As a bit of necessary cruft,
we have to use liftIO
to “lift” (wrap) IO
actions such as getFileSize
in a full Printer
monad before executing them.
Besides everything else you can think of,
this is yet another argument for eventually getting rid of the IO
:)
Making the monads coexist
But our job isn’t done yet.
Despite looking very reasonable, this version of ppUser
doesn’t actually compile!
The actual type error may vary a little,
but it all boils down to a difference between WriterT Text IO ()
(i.e. Printer ()
)
and Writer Text ()
at each call site of putLn
.
GHC is obviously correct.
However, the problem lies not in how we’re calling putLn
,
but rather the way it’s been defined:
putLn :: Text -> Writer Text ()
This type can only produce a specific, pure Writer
action.
But to fit inside the do
block of our compound monad,
we need the Writer
+ IO
combo from WriterT Text IO
(i.e. Printer
).
We can try to address the mismatch by changing the signature to:
putLn :: Text -> WriterT Text IO () -- or just: Printer ()

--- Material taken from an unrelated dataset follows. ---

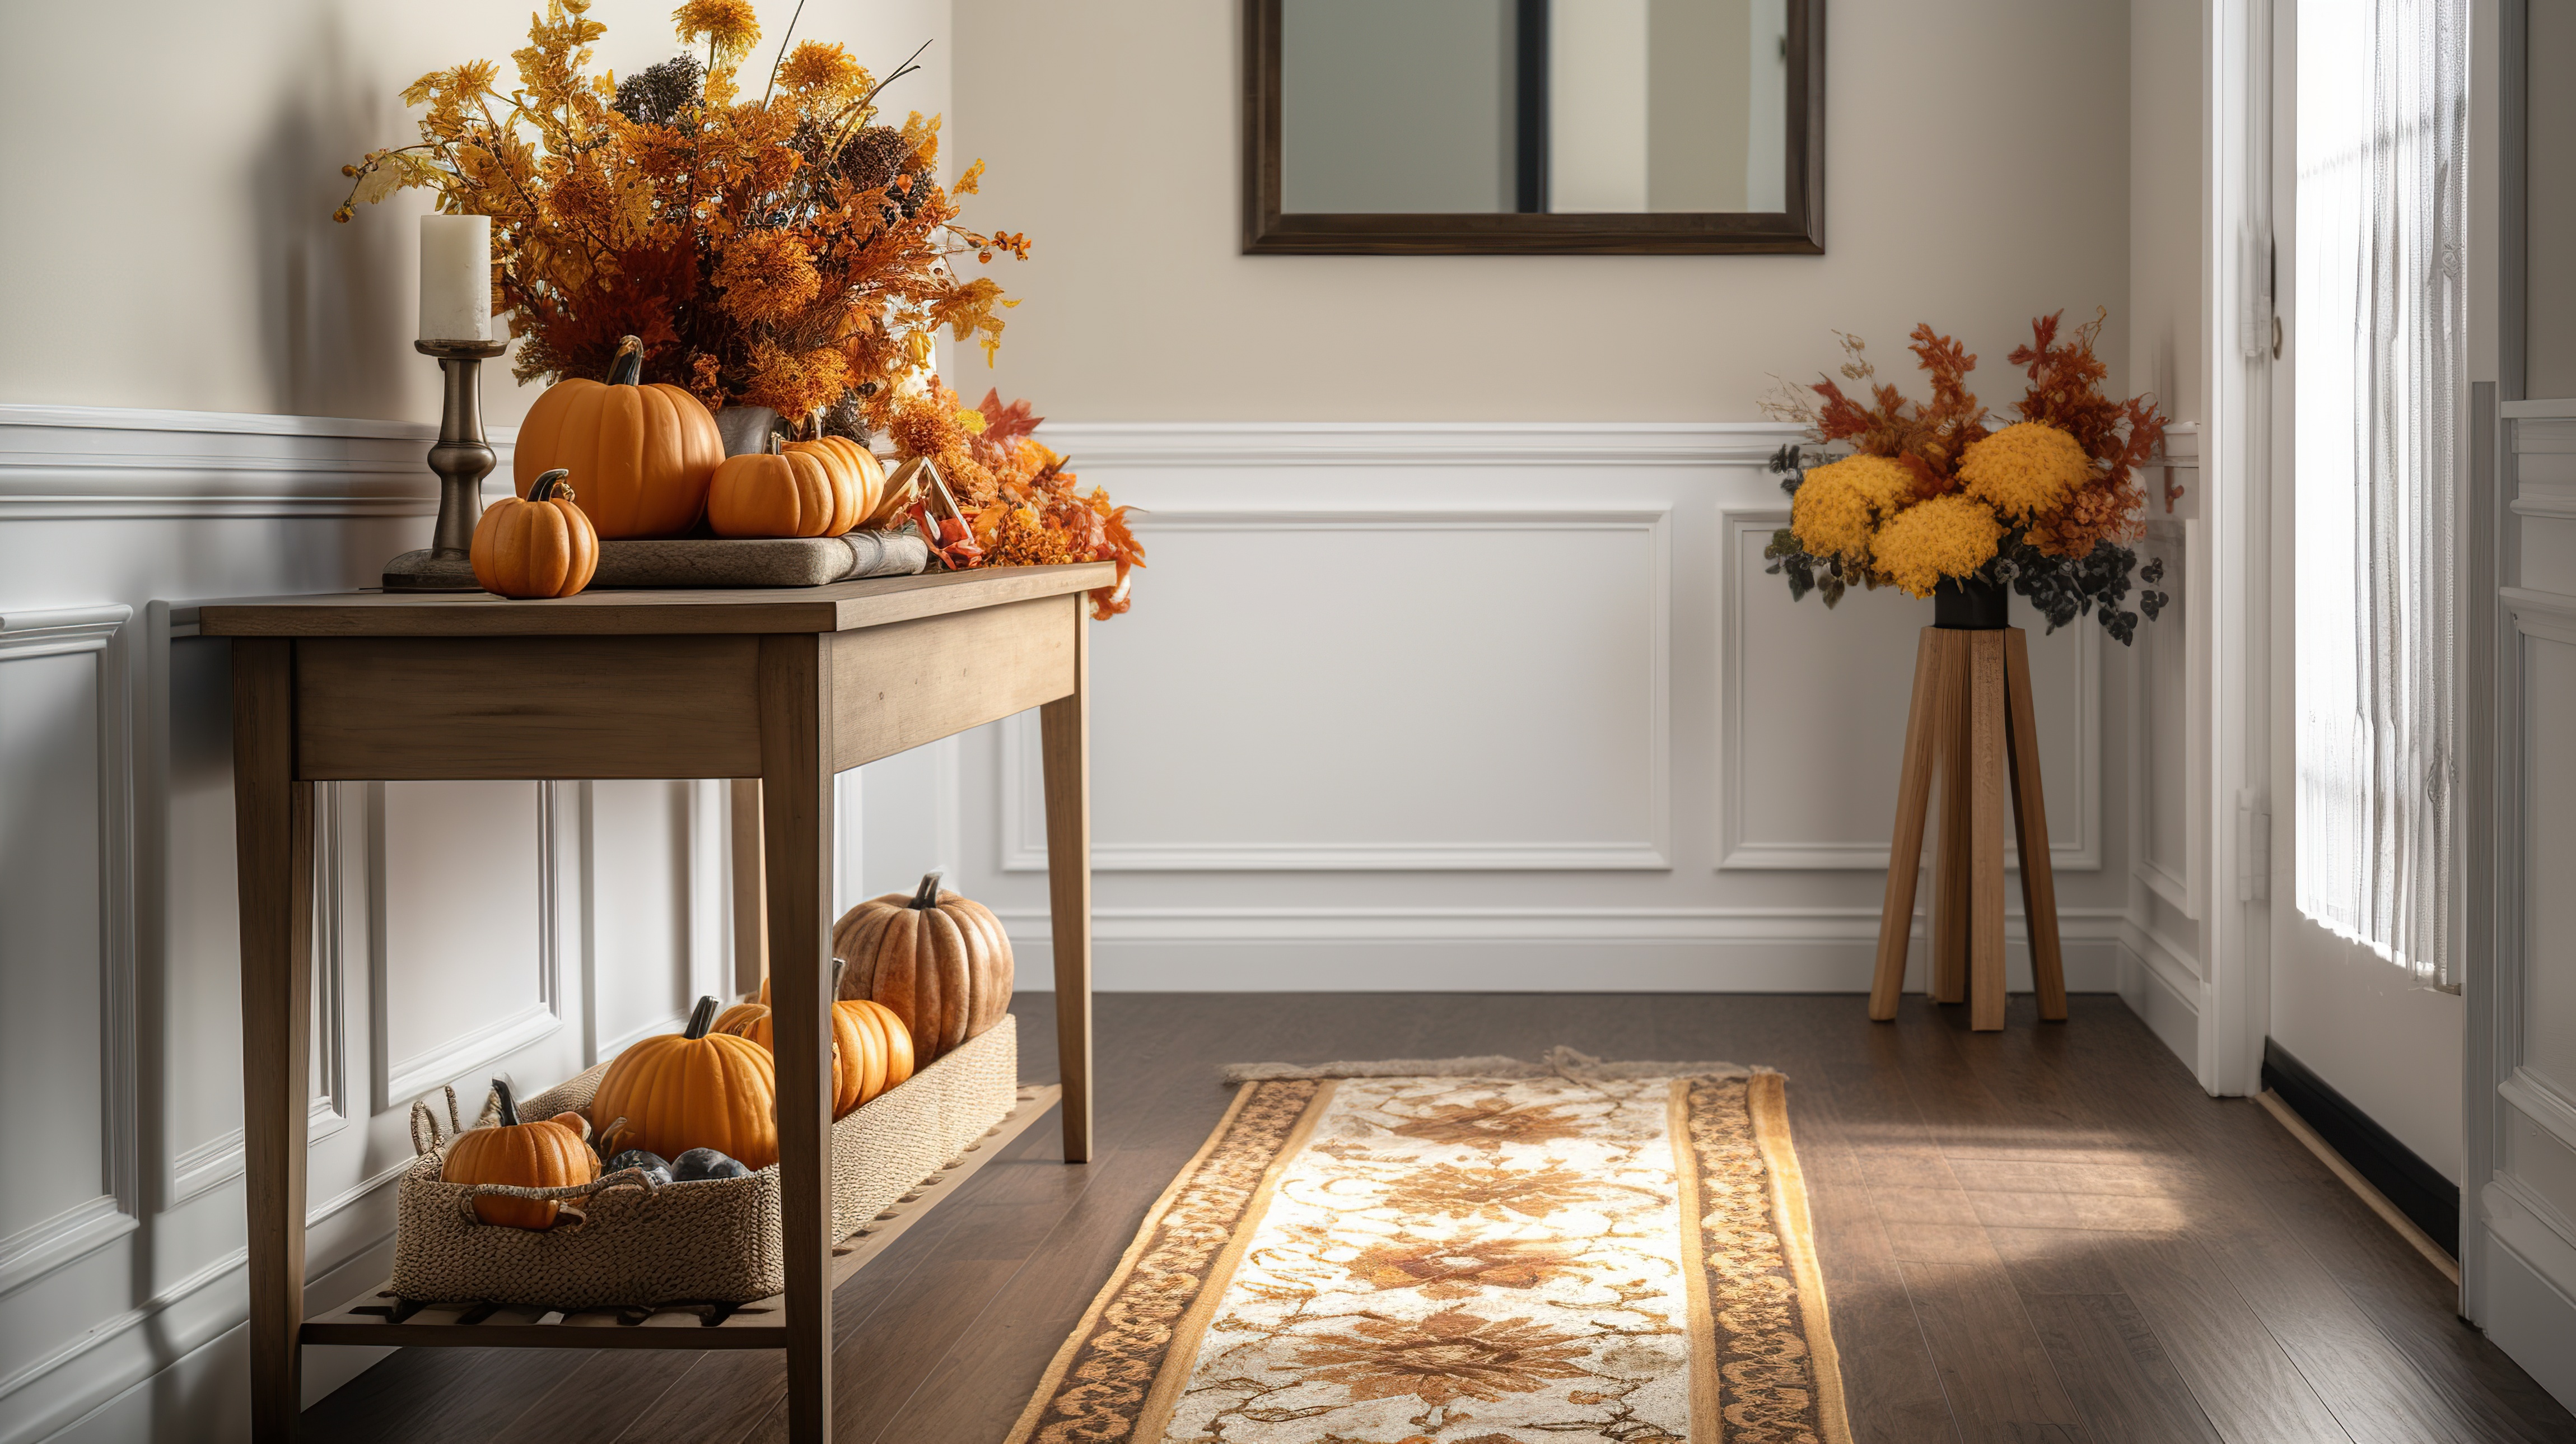 Embrace the beauty of the season by incorporating some autumn-themed decorations

but this will only result in the opposite problem.
Now, all the pure printers like ppAddress
are facing the fact
that putLn
is a (wrapped) IO
action, despite not actually doing any I/O whatsoever.
The obvious question is, can we have something that fits both?
Earlier on, I’ve said that both vanilla Writer
and the IO
-spruced Printer
support the “Writer
API”,
most notably the tell
function.
This notion of a “monadic interface” isn’t just hand-waving, though,
and Haskell (obviously!) provides a way to express it programmatically.
Meet the MonadWriter
typeclass:
class (Monad m, Monoid w) => MonadWriter w m
Any monad that can work as a Writer
will be an instance of it,
regardless of whether it wraps over IO
or anything else.
Functions like tell
are defined to be
polymorphic over it,
enabling us to leverage the same technique they use when we define putLn
:
{-# LANGUAGE FlexibleContexts #-}
import Control.Monad.Writer.Class
putLn :: MonadWriter Text m => Text -> m ()
putLn line = tell $ line <> "\n"
If you aren’t very familiar with this syntax,
the part before =>
is a typeclass constraint, or context.
It defines the requirements to be satisfied by types
which are later used in the function signature.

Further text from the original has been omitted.